As the check_timeout at the service level overrides the timeout of the check command, it is not really needed, I’d say.

Are you really sure that the check is still being killed after 60 seconds? Do you see that time in the webinterface?
Otherwise I would guess that the script is running even longer than two minutes and as both the script timeout and the icinga (command/service) timeout are of the same length, you don’t really know which is responsible.
I would change the timeout of the script call (-T) to be a bit shorter than the command timeout and see if the output changes.

What is the output of

icinga2 object list -n _check_mountpoints | grep timeout

Yes, because when it go timeout I see “Check execution time 60.002s” in the web interface.

It is correct:

SHARED root@cop ~# icinga2 object list -n _check_mountpoints | grep timeout
      * value = "$check_mountpoints_nfs_timeout$"
  * timeout = 120

Could the cause of the problem be that this is a remote check and I must modify the timeout value in the client configuration too as this check is executed through Icinga Client?
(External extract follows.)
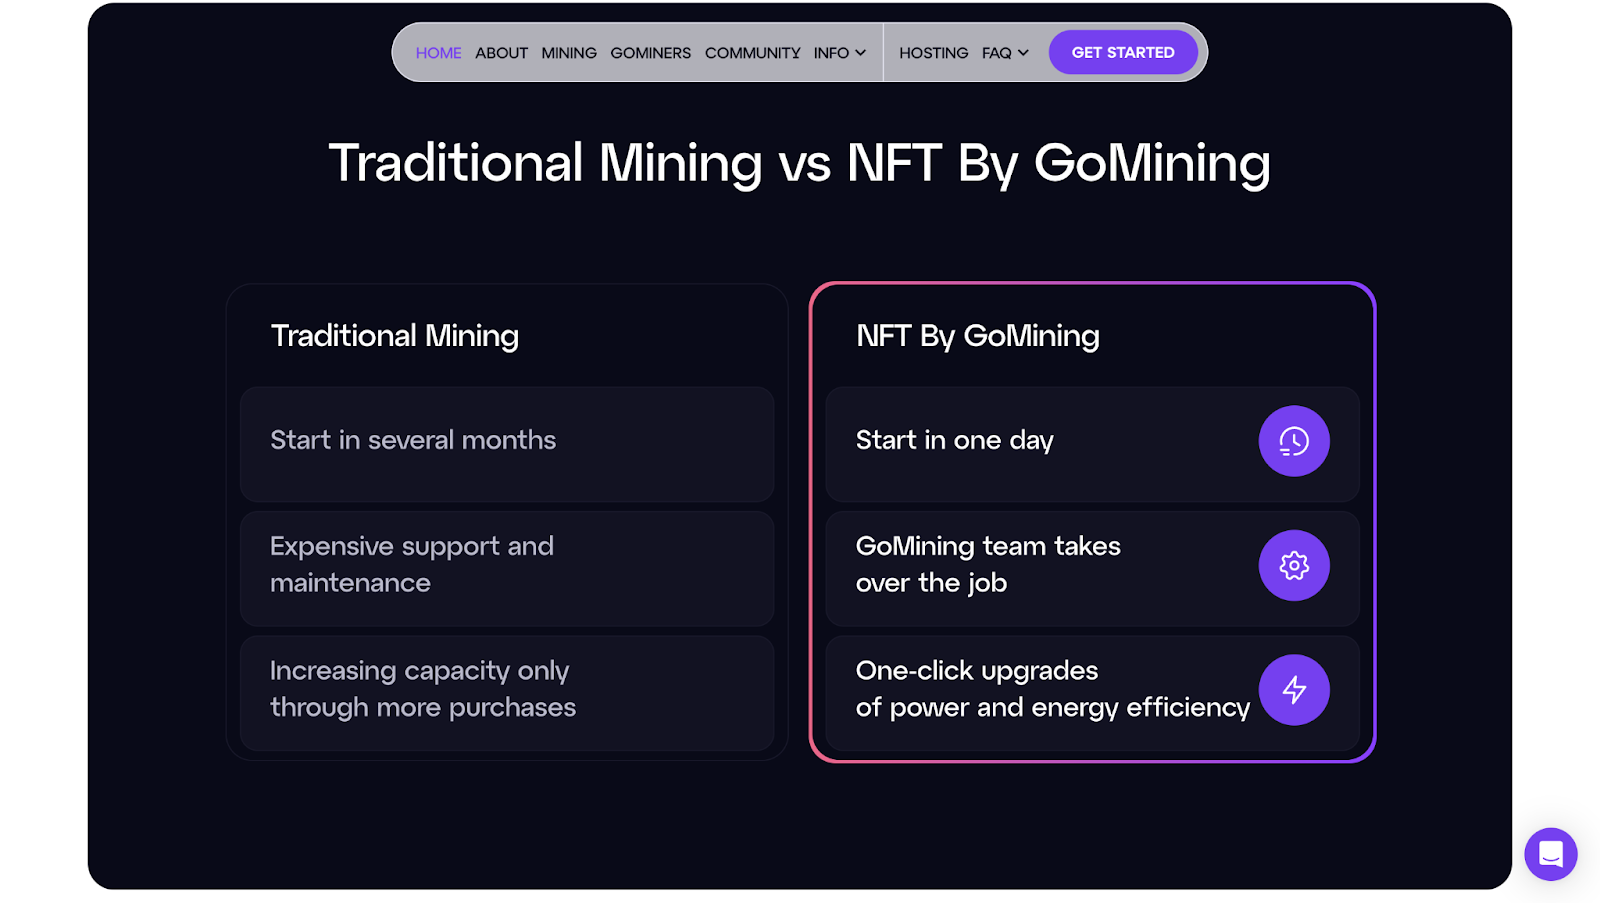 Vergelijking tussen mijnbouw met GoMining NFT's en traditionele mijnbouw, volgens de projectwebsite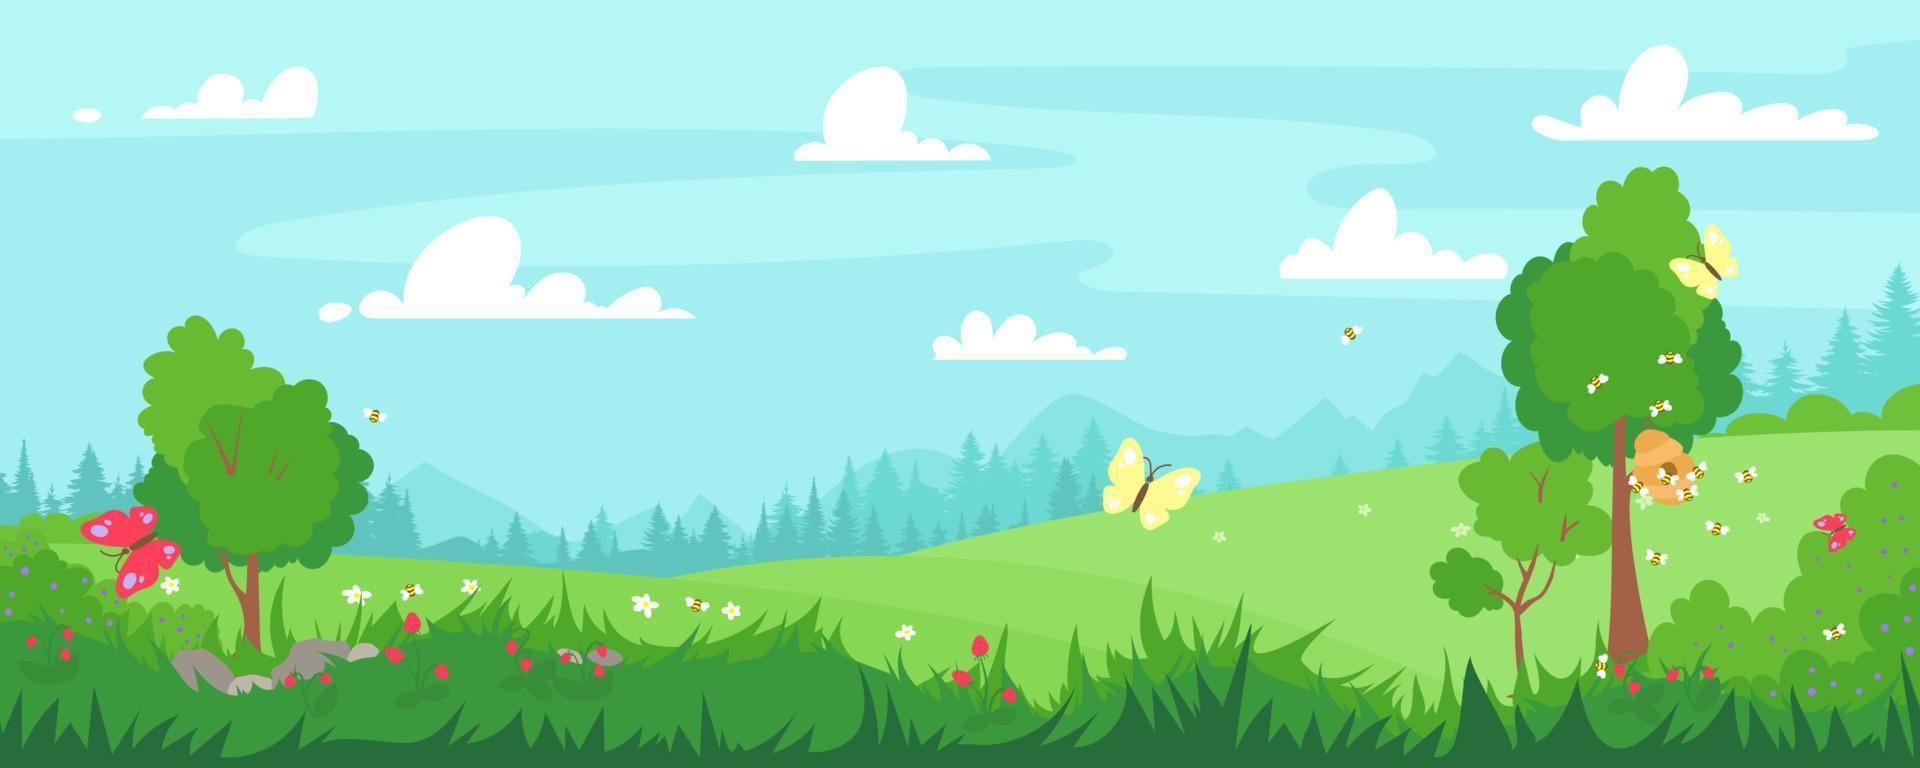 vektorillustration von schönen sommerlandschaftsfeldern, blumen, honigbiene, gras, bäumen, grünen hügeln, bergen, blauem himmel, wolkenlandhintergrund im flachen bannerkarikaturstil. Frühling. vektor

Yes (I forget to mention you should run this command at your agent).

Yes, it’s 60 seconds:

root@stg1:~# icinga2 object list -n _check_mountpoints | grep timeout
      * value = "$check_mountpoints_nfs_timeout$"
  * timeout = 60

So I have to change these value in the client configuration too.

Now I have a question (maybe OT): is there a way to avoid this syncing this configuration from master to client?

Syncing is one of the nice features of icinga2. Hence, I’d recommend to define your check command at your master within a global zone that is synced to every agent. Within that definition you could define the default timeout (and overwrite it for a particular service or host if needed).